For the present study the following parameters were set: Axial load was 33 N, amplitude of linear motion was 10 mm, and cycle frequency was 1 Hz. The cycle frequency was adapted to normal walking. The load of 33 N was calculated in regard to the pig’s weight (average 80.5 kg), the articular surface of a porcine knee, and the diameter of the osteochondral plug (10 mm). The stress rate was calculated with 0.42 MPa.
For macroscopic evaluation all osteochondral plugs were stained with Indian ink according to the protocol set forth by Meachim . While an objective macroscopic classification system was not used, the findings are discussed subjectively below. Histological scoring was found to be more appropriate for classifying the defects in detail.
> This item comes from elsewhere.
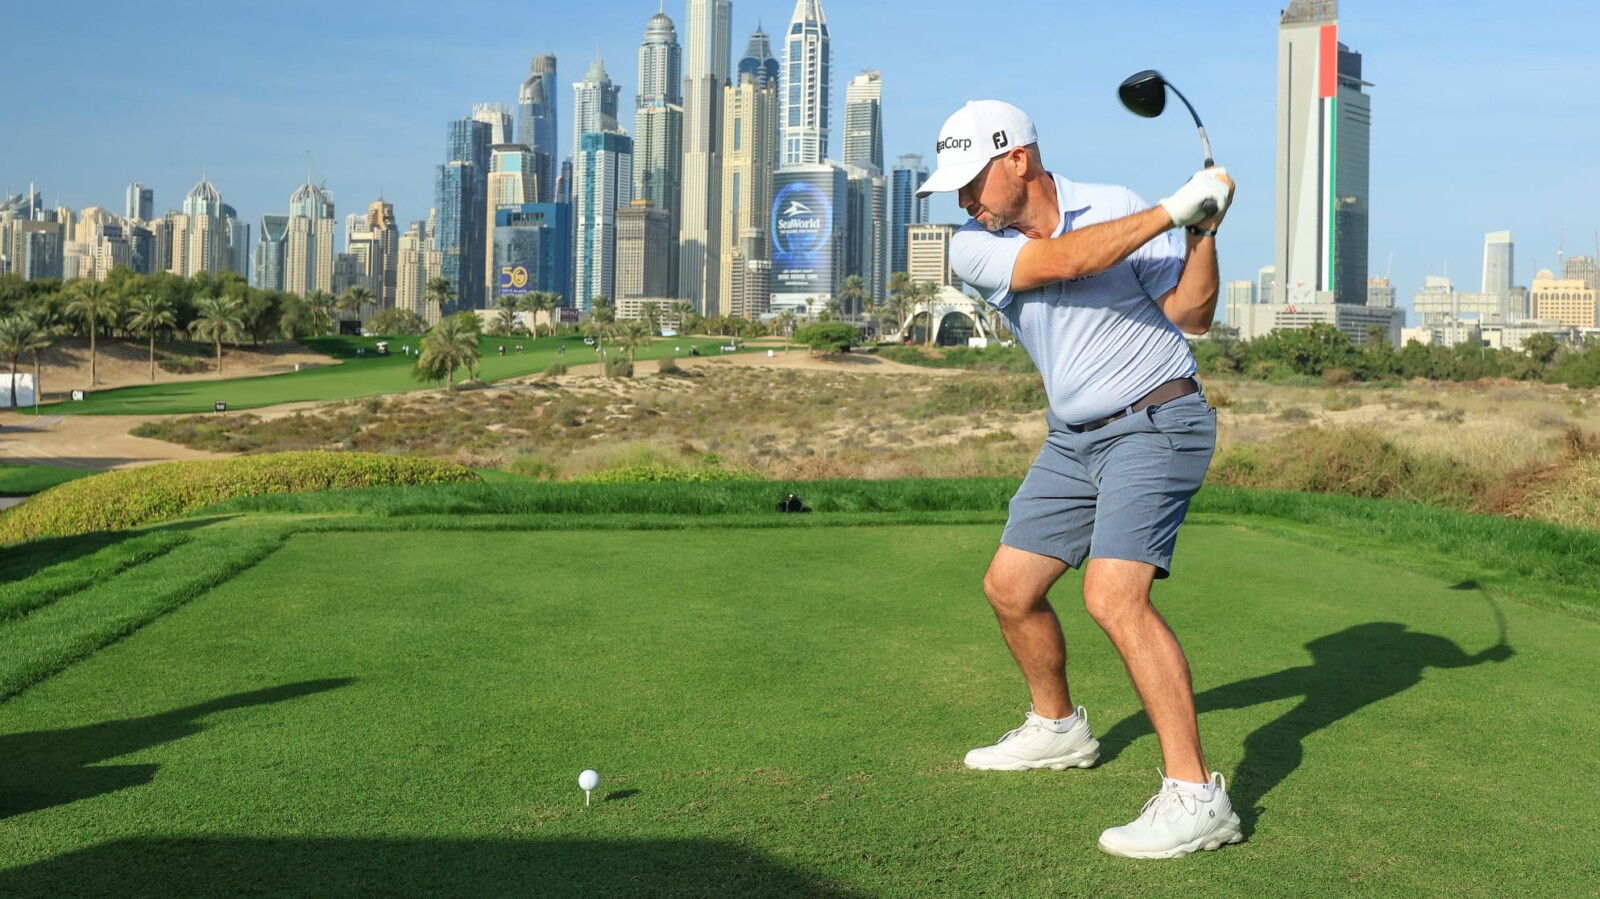 VISTA PREVIA DEL CLÁSICO DEL DESIERTO DE DUBAI - Noticias de golf | Revista de golf

Fixation began by dehydrating the osteochondral plugs in increasing concentrations of ethanol and then clearing in Xylene. After an additional washing step in 100% methanol, specimens were embedded in methyl methacrylate (MMA) . After complete polymerization of the MMA, the blocks were cut in the middle with an annular diamond coated saw (Leica saw microtome SP1600, Leica, Nussloch, Germany). Form the central part of each plug 150 μm thick sections were cut perpendicular to the cartilage surface, starting from the center of the osteochondral plug. Afterwards sections were glued onto plastic slides and polished to a thickness of 80 μm. The sections were then stained with Giemsa-Eosin . A histological scoring system was used to assess the depth of potential defects. A defect severity score was assigned to each specimen depending on which cartilage zones were affected. For better discrimination of cartilage zones, bright field microscopy with polarized light was used. The investigator was blinded to the testing protocol of individual specimens and scored representative sections independently.
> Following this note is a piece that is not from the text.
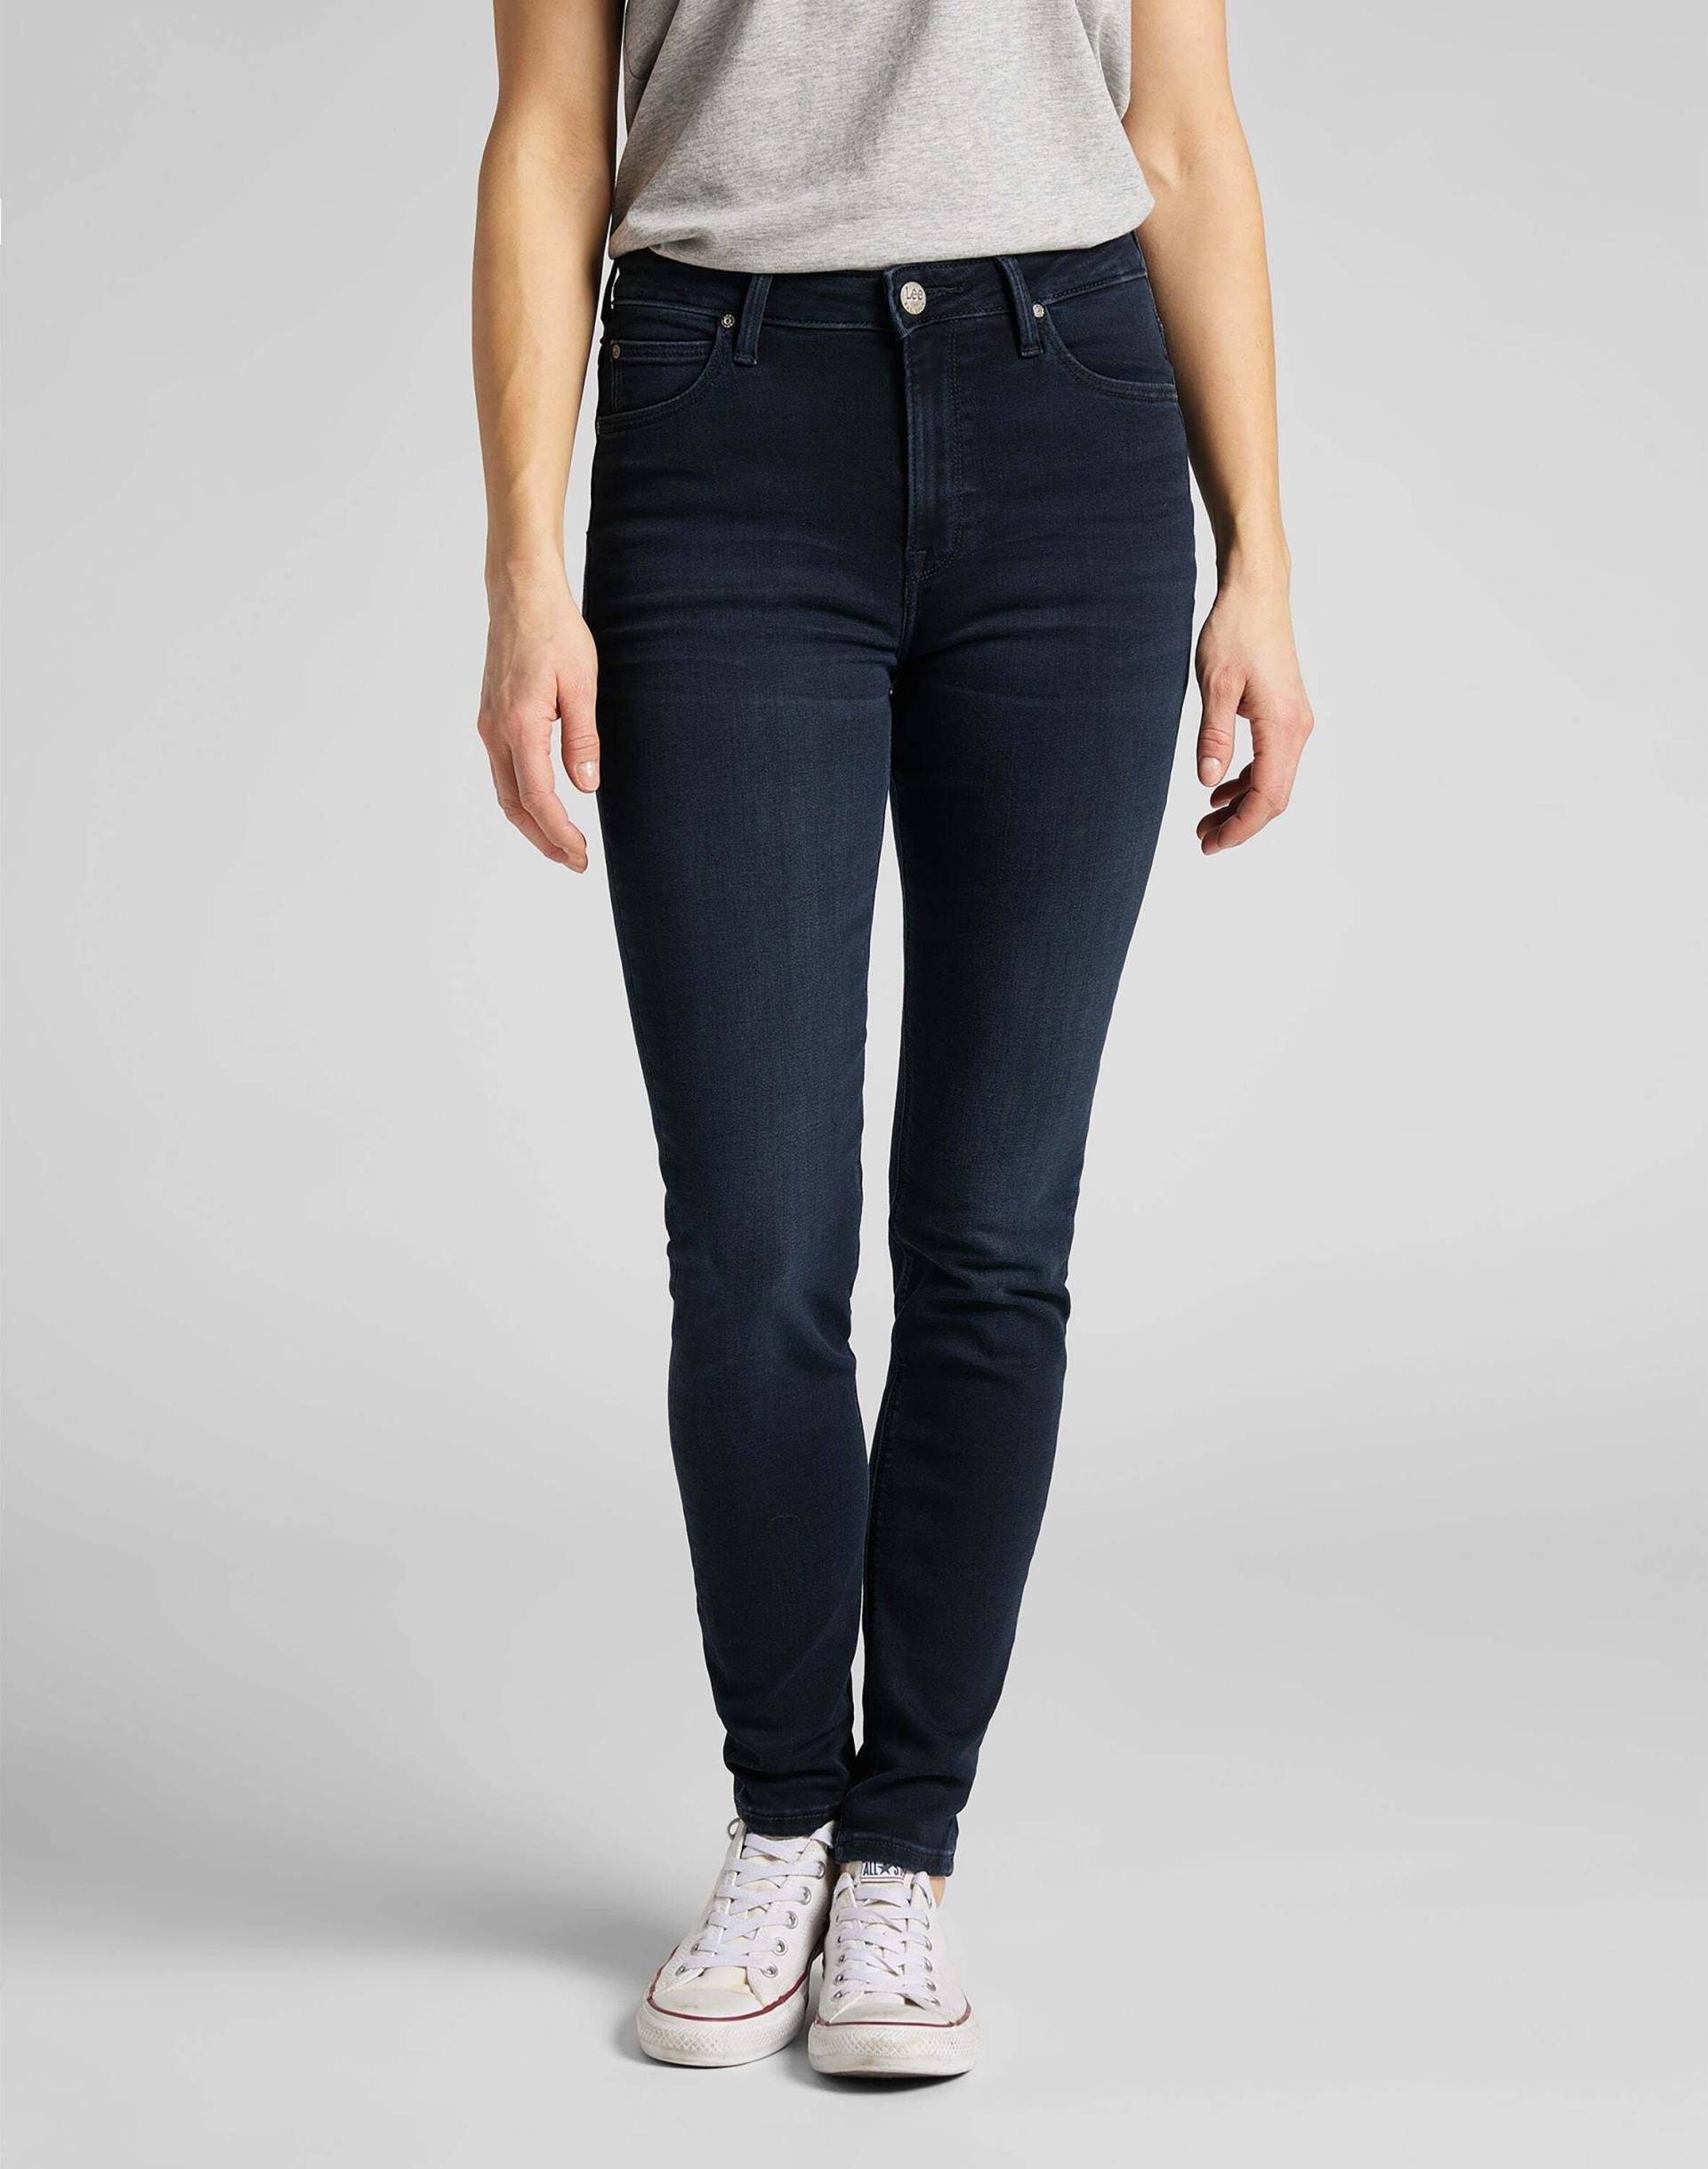 Jeans Skinny Fit Scarlett High Damen Marine L31/W24 von Lee

Score of 0 = no deformation / damage detectable; 1 = damage of only the tangential (i.e. superficial) zone of cartilage; 2 = damage of the tangential zone and up to 25% of the transitional and radial (i.e. deep) zone of cartilage; 3 = damage of the tangential zone and up to 50% of the transitional and radial (i.e. deep) zone of cartilage; 4 = damage of the tangential zone and up to 100% of the transitional and radial (i.e. deep) zone of cartilage; 5 = damage of all non-mineralized layers plus the underlying mineralized cartilage layer.
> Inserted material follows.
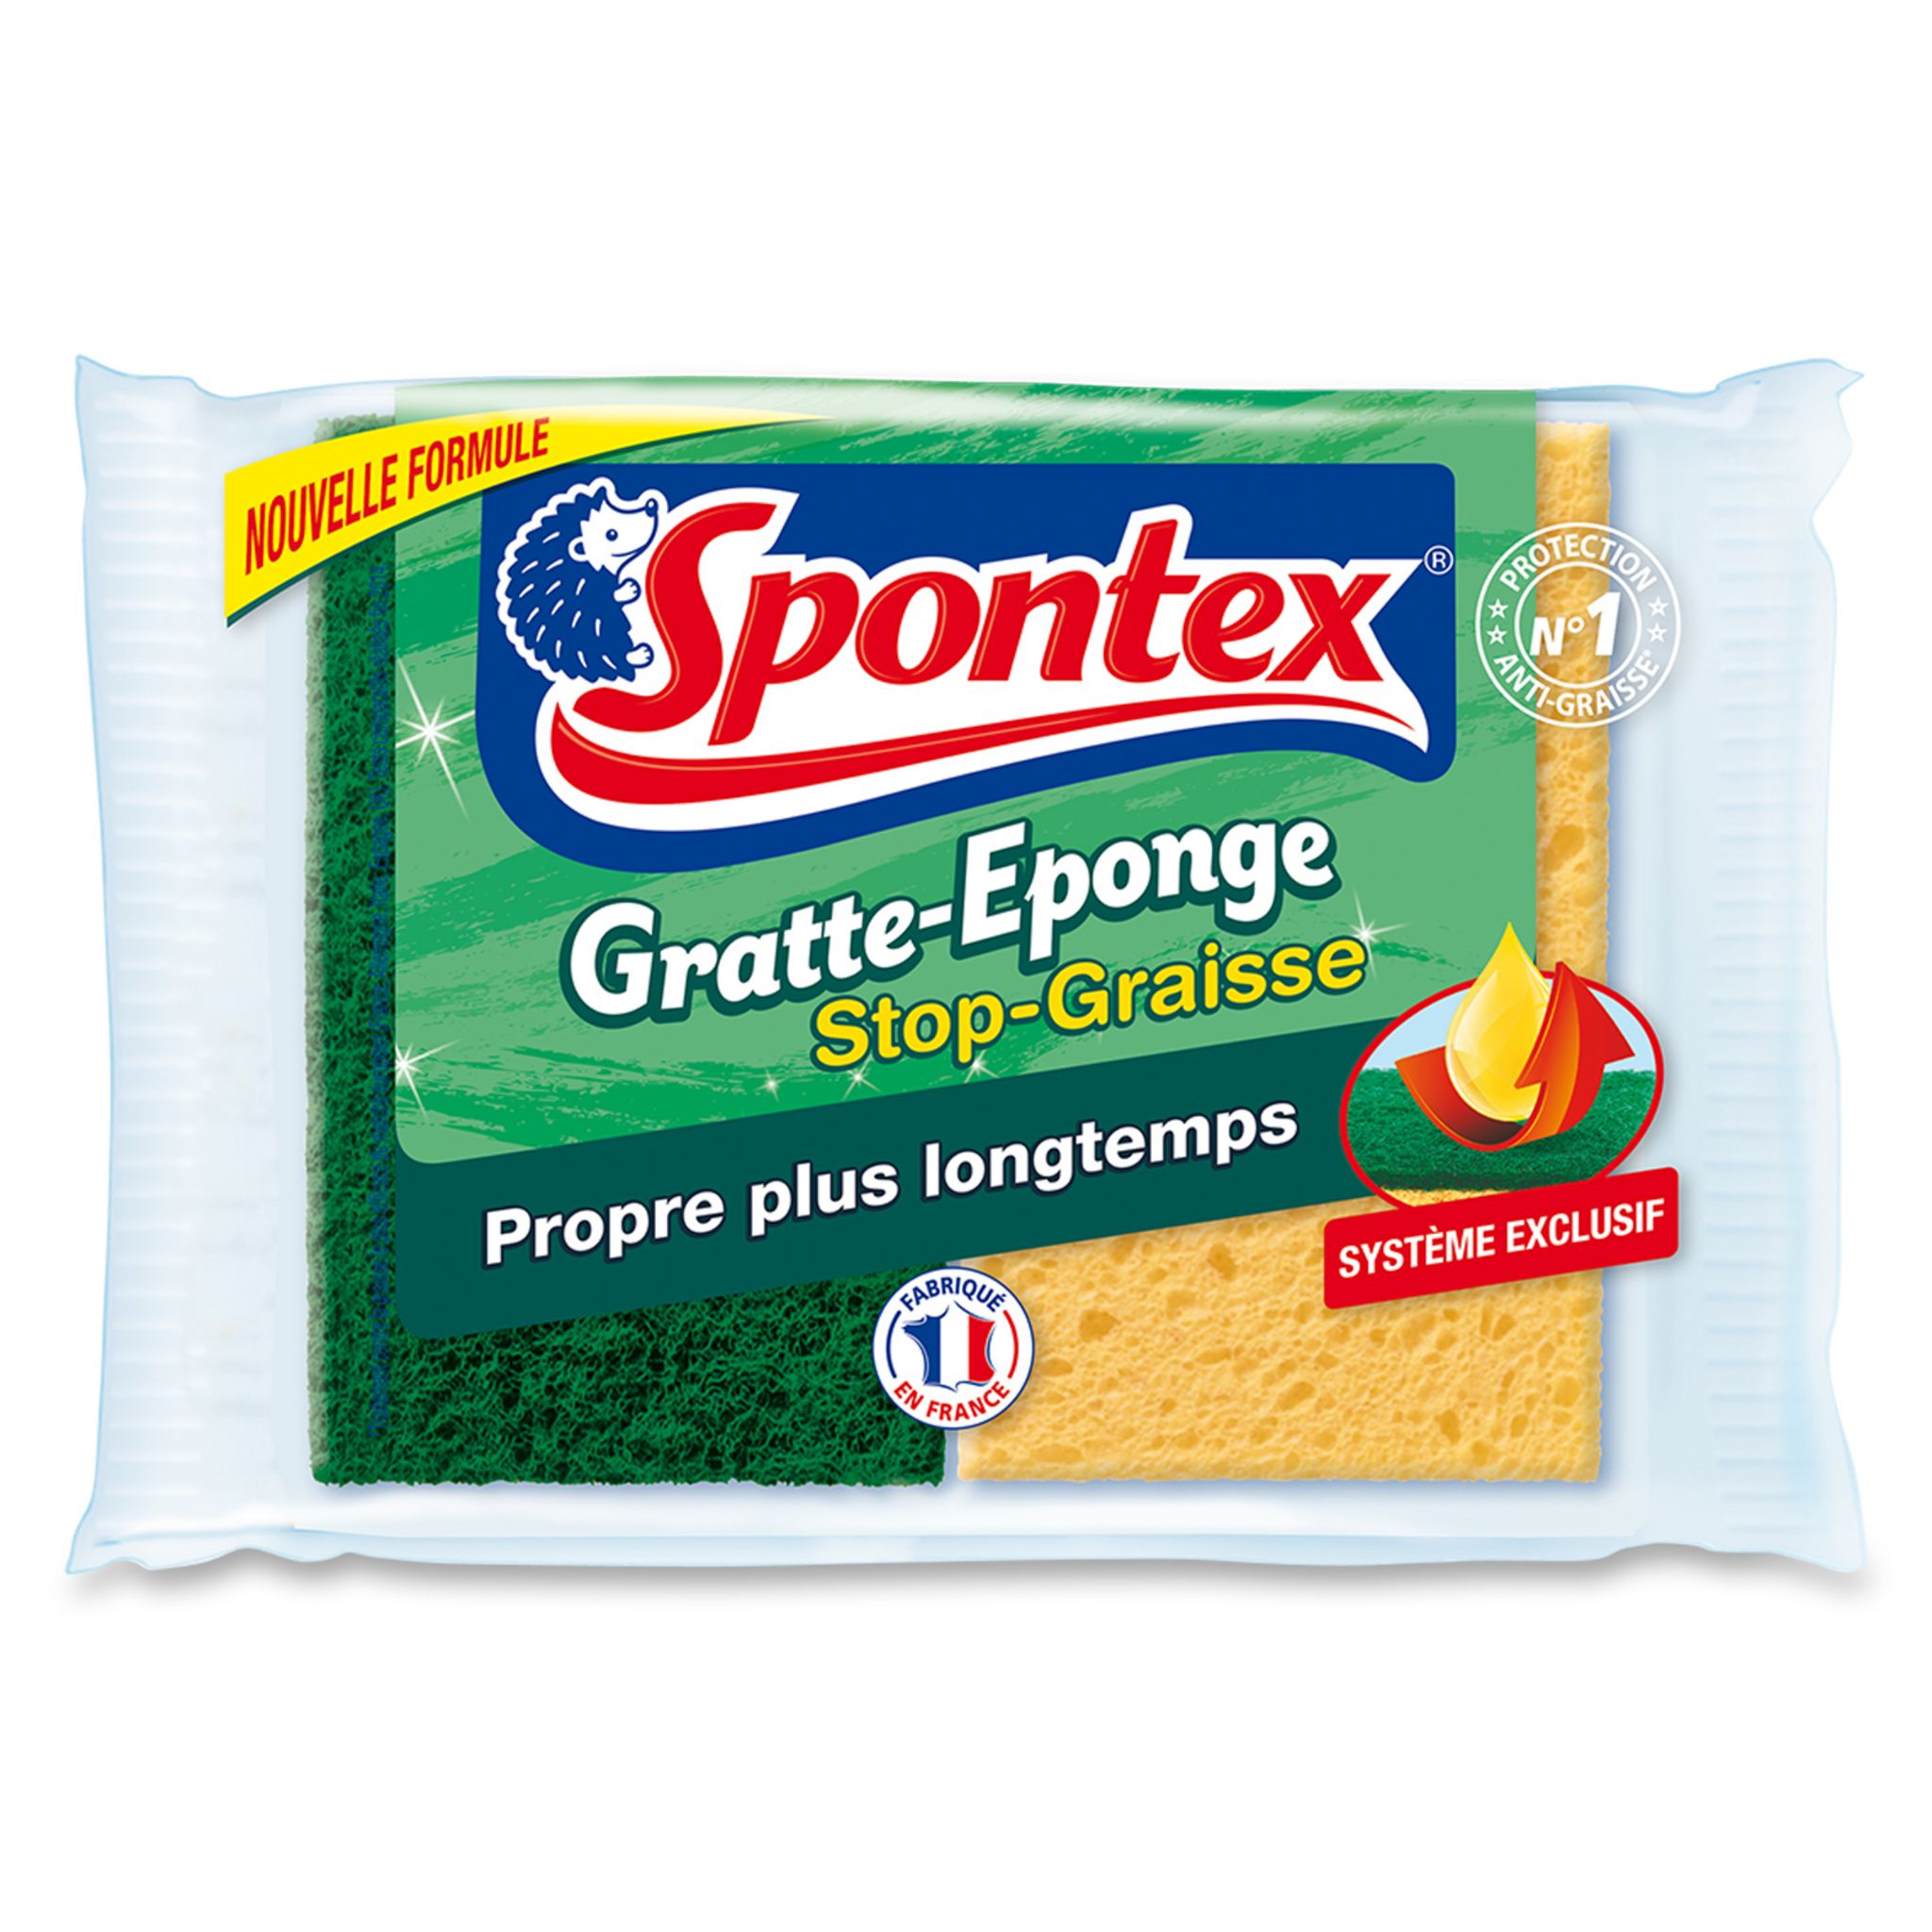 SPONTEX - 2 GRATTE EPONGES STOP GRAISSE - Les Indispensables au

Statistical analysis was performed by use of SPSS software (SPSS, Chicago, IL). For all statistical tests, p values less than 0.05 were considered as significant. For comparison between different exploration times and mediums the Fisher’s exact test was utilized.
After staining with Indian ink, each osteochondral plug was macroscopically evaluated. After abrasion of FMI on tibial osteochondral plugs in either saline or hyaluronic acid, no macroscopic damage was noted after 1 h. However, after 6 h, signs of cartilage damage were present in one of three specimens tested in saline, and in two of three specimens tested in hyaluronic acid (Fig. 3).
After abrasion of FMI on tibial osteochondral plugs in either saline or hyaluronic acid for one hour, no histologic damage was noted in any cartilage zones (Fig. 4).
After 6 h 50% (3/6) of the specimens had a damage of the tangential zone (grade 1 – one saline, two hyaluronic acid) and 16.7% (1/6) of the plugs displayed damage to the upper 25% of the radial zone (grade 2 – hyaluronic acid) (Fig. 5.)
Overall, no statistical significant difference between saline and hyaluronic acid was evaluated (p = 0.55) for both exploration times. However, exploration for 6 h resulted in significant worse cartilage damage compared to 1 h (p = 0.06).
The most important finding of the present study is that cyclic loading under simulated physiologic joint pressure with optimal FMI positioning resulted in superficial defects to opposing cartilage in as little as 6 h. Furthermore, hyaluronic acid had no benefit to the opposing cartilage in this biomechanical set-up.
Recent literature has highlighted the importance of implant position in regards to surrounding cartilage. Becher et al. [4,5,6,7] analyzed various implant positions and demonstrated that 1 mm of implant protrusion resulted in an increase of peak contact pressure of up to 217% compared to native joint conditions . In contrast, congruence of the implant with surrounding cartilage lead to no significant differences in static and dynamic testing conditions when compared to native cartilage . Kirker-Head et al.  described a correlation between damage to opposing cartilage and a protruded implant position in an animal model. An increase in contact pressure and the effect of an elevated edge on an implant are therefore thought to be responsible for defects on opposing cartilage. In the present protocol, optimal implant position was simulated by applying physiological joint  pressure (0.42 MPa) on a FMI and the opposing tibial cartilage, eliminating concern of congruity with surrounding cartilage. Although bovine cartilage in comparison to elderly human cartilage has differences in biomechanical properties (less Young’s moduli and greater hydraulic permeability) it demonstrates similar responses to injurious loading . Cartilage in porcine knees has been shown to demonstrate elastic deformation without failure for axial load up to 5 MPa . For comparison, the equilibrium contact modulus in bovine knees is 0.62 ± 0.1 MPa . Consequently, the applied axial stress in the present study may be considered to be well within the range of physiological values for porcine cartilage.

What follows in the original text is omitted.